Does anyone know an easy way to get the encoding of a new document with a Language Model trained in ULMFiT?
learn.predict() outputs the last layer/score, but how to I extract the encoding before that?
I have tried to run input through just the encoder, but it is not working at all.
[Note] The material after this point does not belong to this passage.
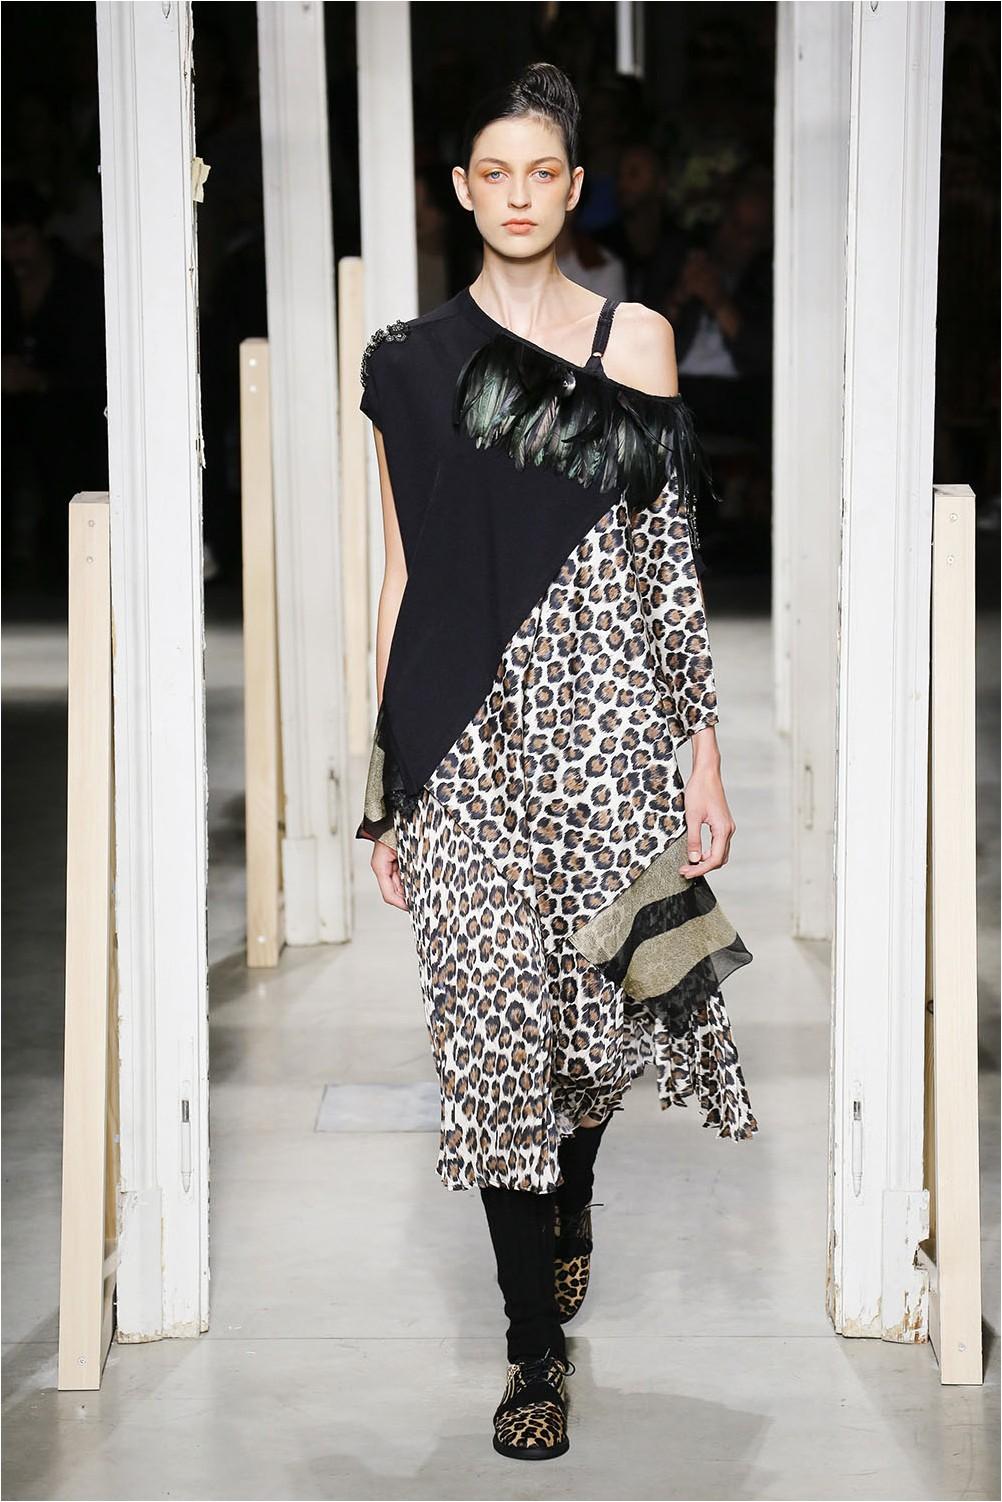 Asymmetrical dress by Antonio Marras

Here is what my code looks like:
#load data
val_sent = np.load('match_lm_data/tmp/val_ids.npy')
val_lbls = np.load('match_lm_data/tmp/lbl_val.npy')
val_ds = TextDataset(val_sent, val_lbls)
val_samp = SortSampler(val_sent, key=lambda x: len(val_sent[x]))
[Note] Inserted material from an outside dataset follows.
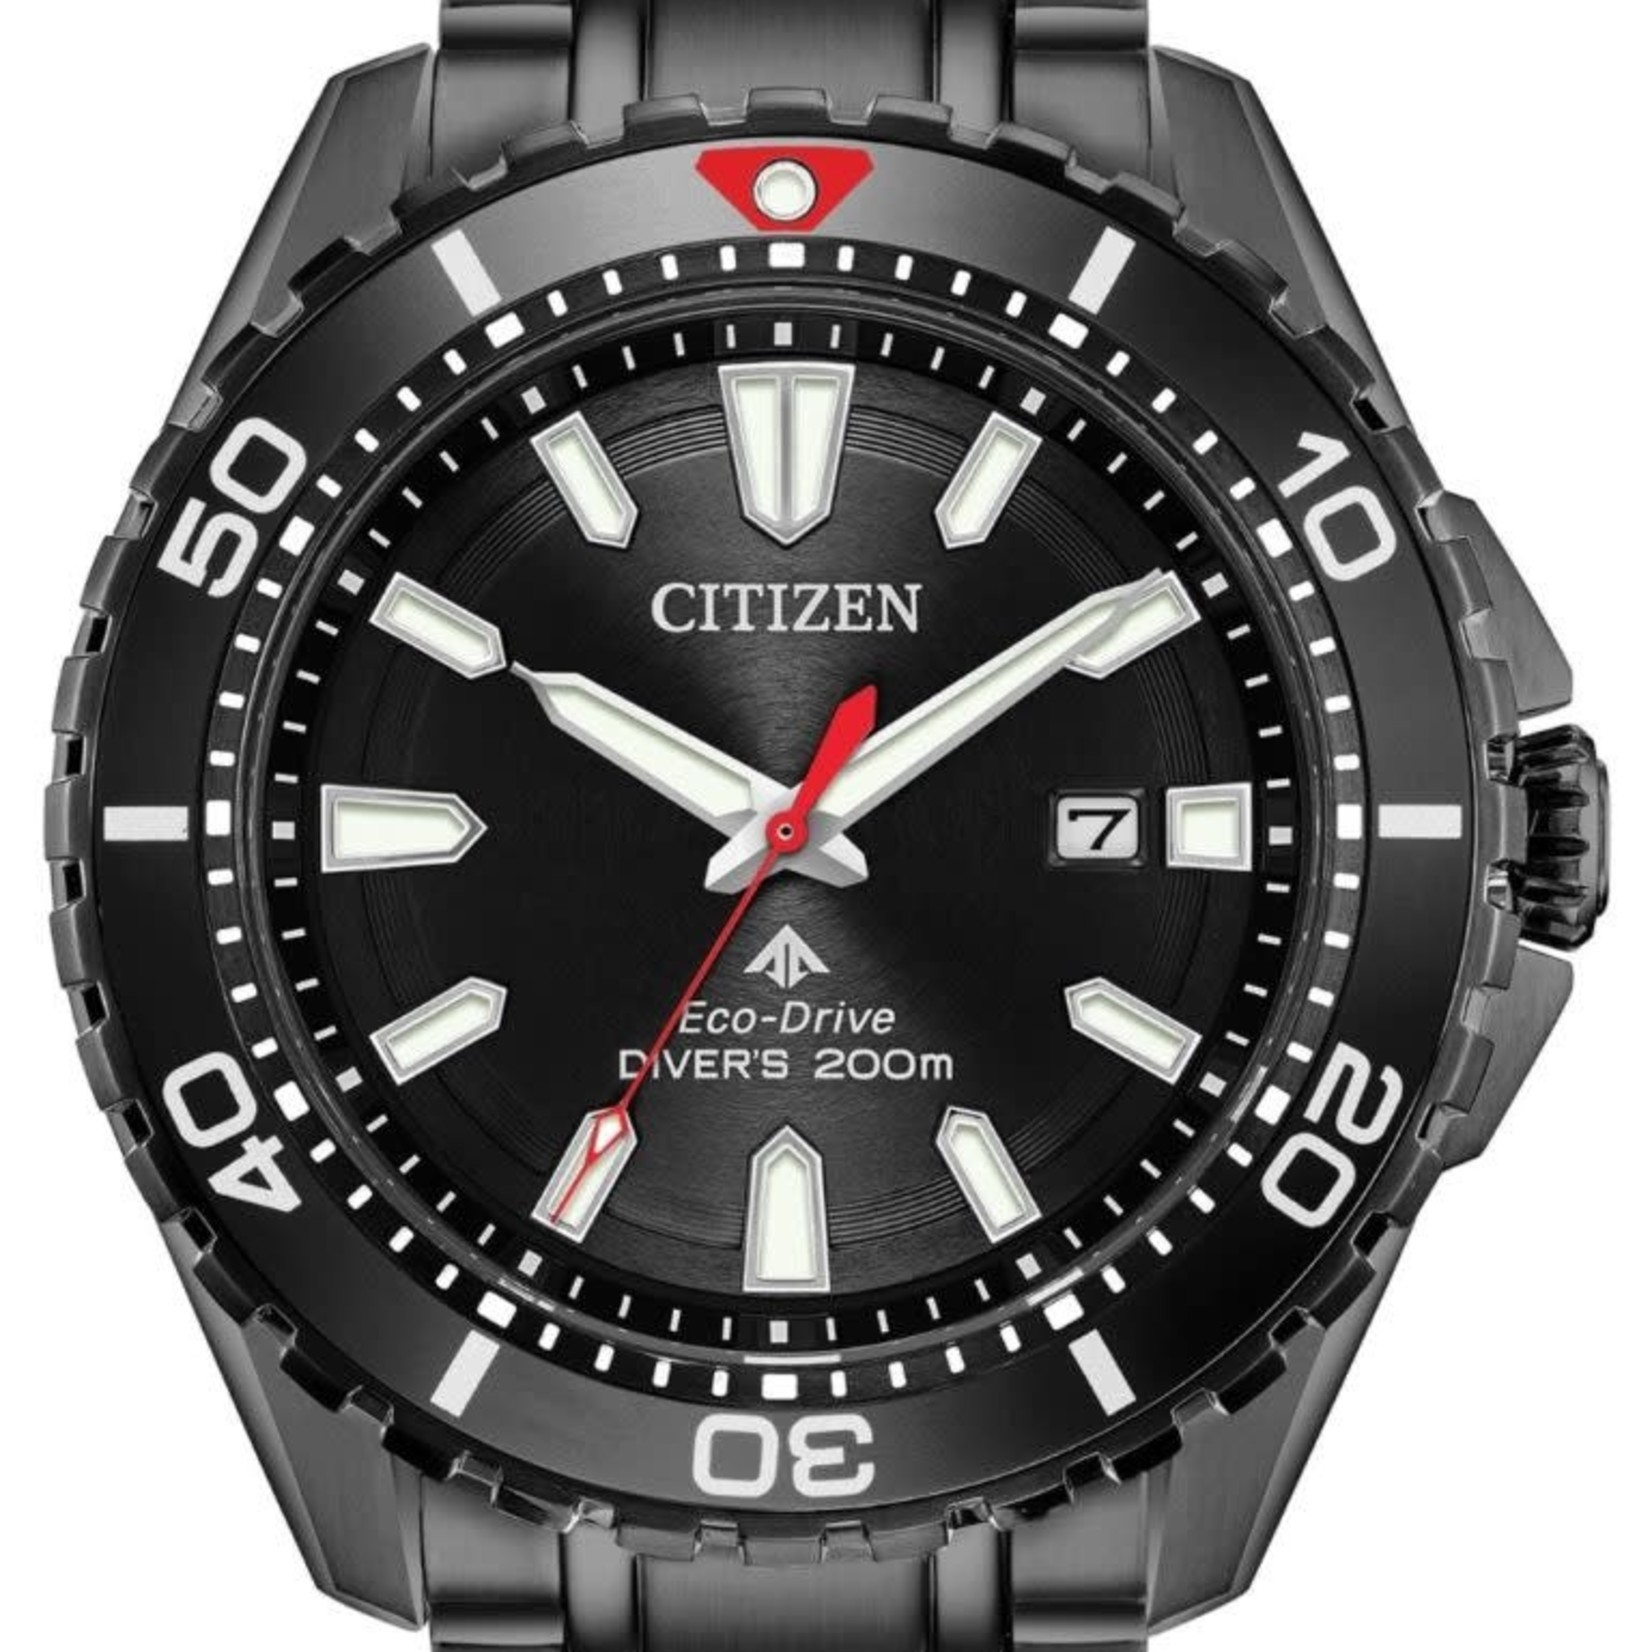 Citizen Men's ECO Drive Watch BN195-54E

val_lbls_sampled = val_lbls[list(val_samp)]
val_dl = DataLoader(val_ds, bs, transpose=True, num_workers=1, pad_idx=1, sampler=val_samp)
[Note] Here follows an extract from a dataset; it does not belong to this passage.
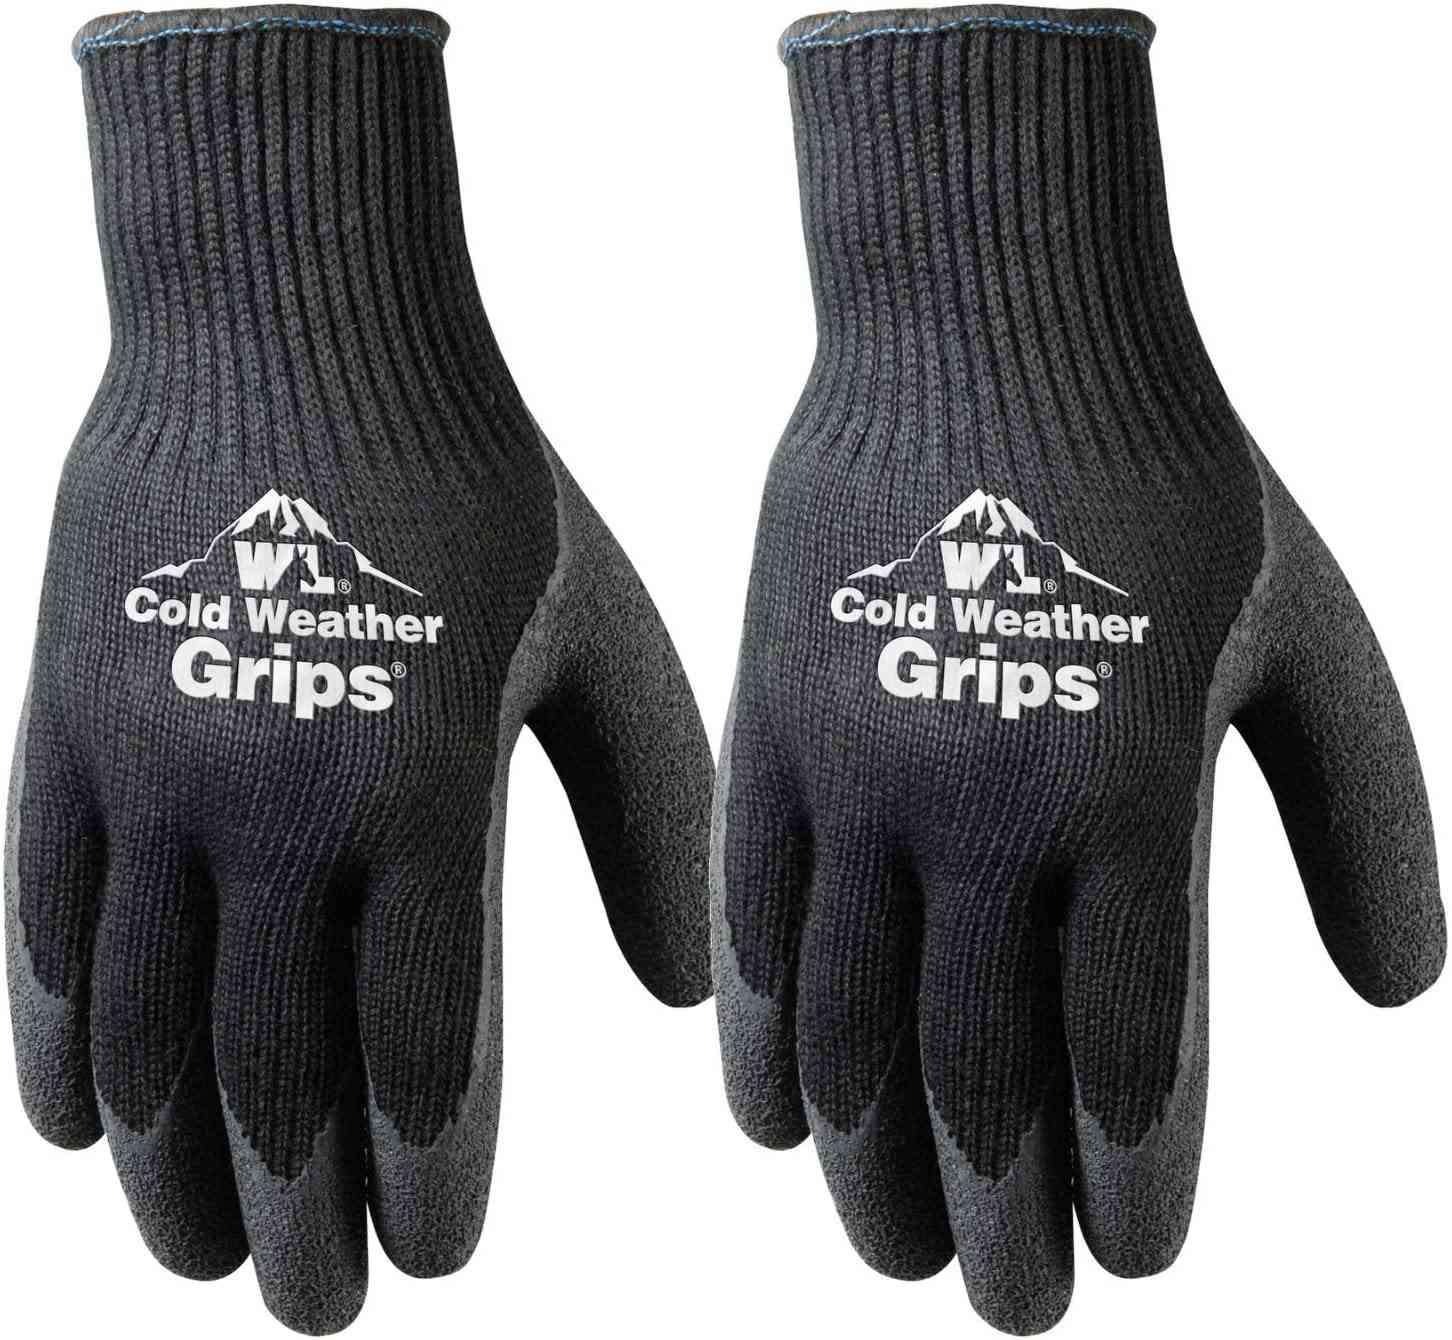 Cold Weather Grips Winter Work Glove

md = ModelData('match_lm_data', None, val_dl)
m = get_rnn_classifer(bptt, 20*70, c, vs, emb_sz=em_sz, n_hid=nh, n_layers=nl, pad_token=1,
layers=[em_sz*3, 50, c], drops=[0., 0.])
m2 = m[0] #take just encoder
learn = RNN_Learner(md, TextModel(to_gpu(m2)))
b.learn.model((next(iter(val_dl))[0])
When I do this, it gives me the following error: "AttributeError: ‘MultiBatchRNN’ object has no attribute ‘hidden’.
How do I solve this? Is there any easier/more elegant way to extract the encoding?